51 ## Sandstorm (not solved)
53 ![sandstorm.png](https://gitlab.w0y.at/ctf-seminar/ws19/raw/master/writeups/matthias/seccon2019/sandstorm.png)
56 - check if the Image contains any `exif` information
57 - `Stegsolve.jar` to see if something is written on the image
58 - `string` to check if there is a valid string in the image file that could be the flag
61 Then I converted the image into a txt containing the rgb color values: `convert sandstorm.png :-txt `. I found out, that there are 2202 pixels which are not black or white. So I turned the black pixels into white ones and generated a new image:
63 ![newimage.png](https://gitlab.w0y.at/ctf-seminar/ws19/raw/master/writeups/matthias/seccon2019/newimage.png)
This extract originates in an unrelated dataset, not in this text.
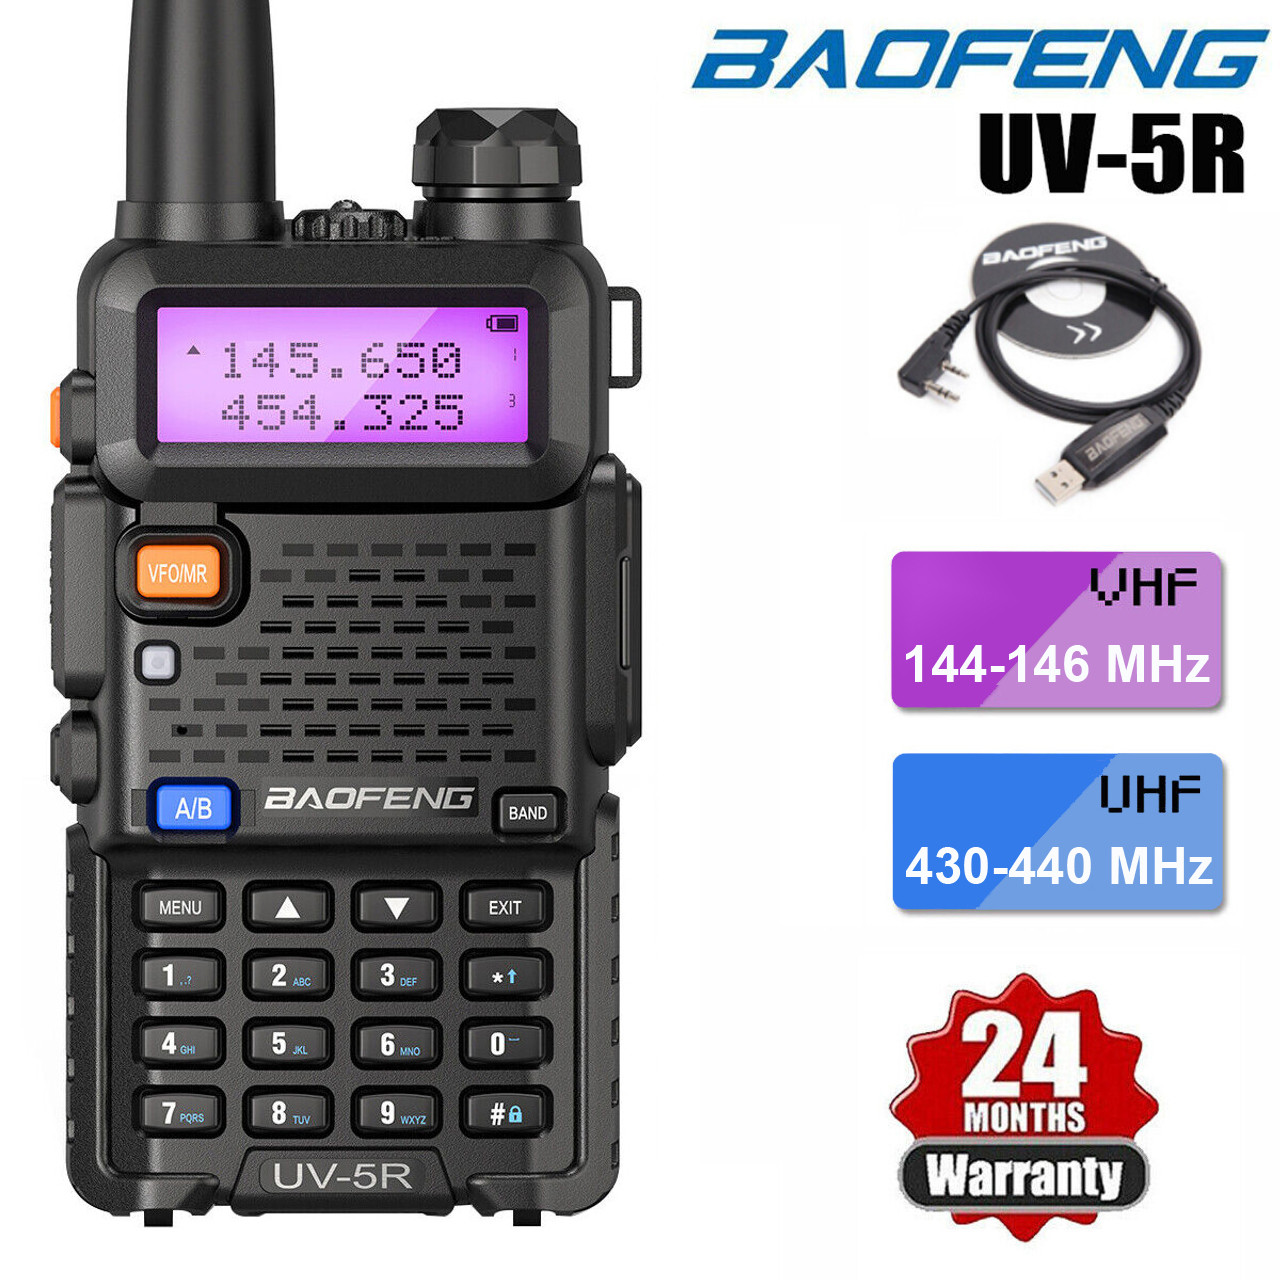 SALE／96%OFF】 TIDRADIO TD-H6 10Watt Ham Radio Handheld Upgraded from UV-5R  Dual Band Walkie Talkies with Extra 2200mAh Battery, Programming Cable, Speaker  Mic and T

66 I saw that the pixels that are not black or white contained three times the same value followed by FF (e.g. F6F6F6FF). So I tried to take the first value of every pixel, treat it as binary combine them in an array and turn it into a string.
68 public static void main(String[] args) throws IOException {
69 File f = new File(PATH_TO_TEXT_FILE_REPRESENTING_THE_IMAGE_WITHOUT_BLACK_AND_WHITE_PIXELS);
70 BufferedReader bufferedReader = new BufferedReader(new FileReader(f));
72 ByteArrayOutputStream byteArrayOutputStream = new ByteArrayOutputStream();
73 while((s = bufferedReader.readLine()) != null) {
74 int pos = s.indexOf("#");
75 s = s.substring(pos+1,pos+3);
76 byteArrayOutputStream.write(hexToByte(s));
78 System.out.println(new String(byteArrayOutputStream.toByteArray(),"UTF-8"));
81 public static byte hexToByte(String hexString) {
82 int firstDigit = toDigit(hexString.charAt(0));
83 int secondDigit = toDigit(hexString.charAt(1));
84 return (byte) ((firstDigit << 4) + secondDigit);
87 private static int toDigit(char hexChar) {
88 int digit = Character.digit(hexChar, 16);
90 throw new IllegalArgumentException(
91 "Invalid Hexadecimal Character: " + hexChar);
96 But without luck. At this point i had no more ideas of how to get a flag out of the image and I surrendered.